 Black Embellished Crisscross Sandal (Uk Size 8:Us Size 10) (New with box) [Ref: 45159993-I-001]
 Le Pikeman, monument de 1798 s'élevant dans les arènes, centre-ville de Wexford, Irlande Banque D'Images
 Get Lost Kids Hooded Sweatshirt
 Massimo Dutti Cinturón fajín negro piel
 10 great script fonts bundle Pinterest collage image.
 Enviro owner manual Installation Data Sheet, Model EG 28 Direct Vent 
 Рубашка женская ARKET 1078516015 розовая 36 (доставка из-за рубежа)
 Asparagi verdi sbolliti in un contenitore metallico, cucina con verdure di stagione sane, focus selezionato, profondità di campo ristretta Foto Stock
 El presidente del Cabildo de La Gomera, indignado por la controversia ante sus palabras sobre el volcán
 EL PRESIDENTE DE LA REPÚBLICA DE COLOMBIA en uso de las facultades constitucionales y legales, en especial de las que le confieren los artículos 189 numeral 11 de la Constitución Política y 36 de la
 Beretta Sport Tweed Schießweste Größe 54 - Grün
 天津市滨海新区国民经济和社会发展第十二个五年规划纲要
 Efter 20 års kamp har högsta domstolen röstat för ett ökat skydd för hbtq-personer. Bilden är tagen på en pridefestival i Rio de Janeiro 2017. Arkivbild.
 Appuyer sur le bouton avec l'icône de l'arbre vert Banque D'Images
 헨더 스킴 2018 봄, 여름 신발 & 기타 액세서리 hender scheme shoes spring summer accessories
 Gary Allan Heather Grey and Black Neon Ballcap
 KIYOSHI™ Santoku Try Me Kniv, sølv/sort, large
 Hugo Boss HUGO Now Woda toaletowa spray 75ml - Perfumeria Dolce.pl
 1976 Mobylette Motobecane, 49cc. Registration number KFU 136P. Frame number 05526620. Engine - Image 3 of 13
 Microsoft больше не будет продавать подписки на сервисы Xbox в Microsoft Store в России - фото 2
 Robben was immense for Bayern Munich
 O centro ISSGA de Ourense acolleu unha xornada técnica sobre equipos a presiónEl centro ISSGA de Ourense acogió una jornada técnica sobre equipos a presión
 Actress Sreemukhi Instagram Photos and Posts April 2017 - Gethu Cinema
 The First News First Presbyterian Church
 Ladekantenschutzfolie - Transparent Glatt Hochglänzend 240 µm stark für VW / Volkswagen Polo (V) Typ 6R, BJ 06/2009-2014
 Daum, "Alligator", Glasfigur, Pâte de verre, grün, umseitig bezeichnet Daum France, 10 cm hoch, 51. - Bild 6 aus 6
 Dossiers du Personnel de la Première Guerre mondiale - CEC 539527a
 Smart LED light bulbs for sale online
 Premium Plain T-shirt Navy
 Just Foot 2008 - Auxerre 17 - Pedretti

—————

State how many lines in the records above contain the word "sobre", giving only the number.

2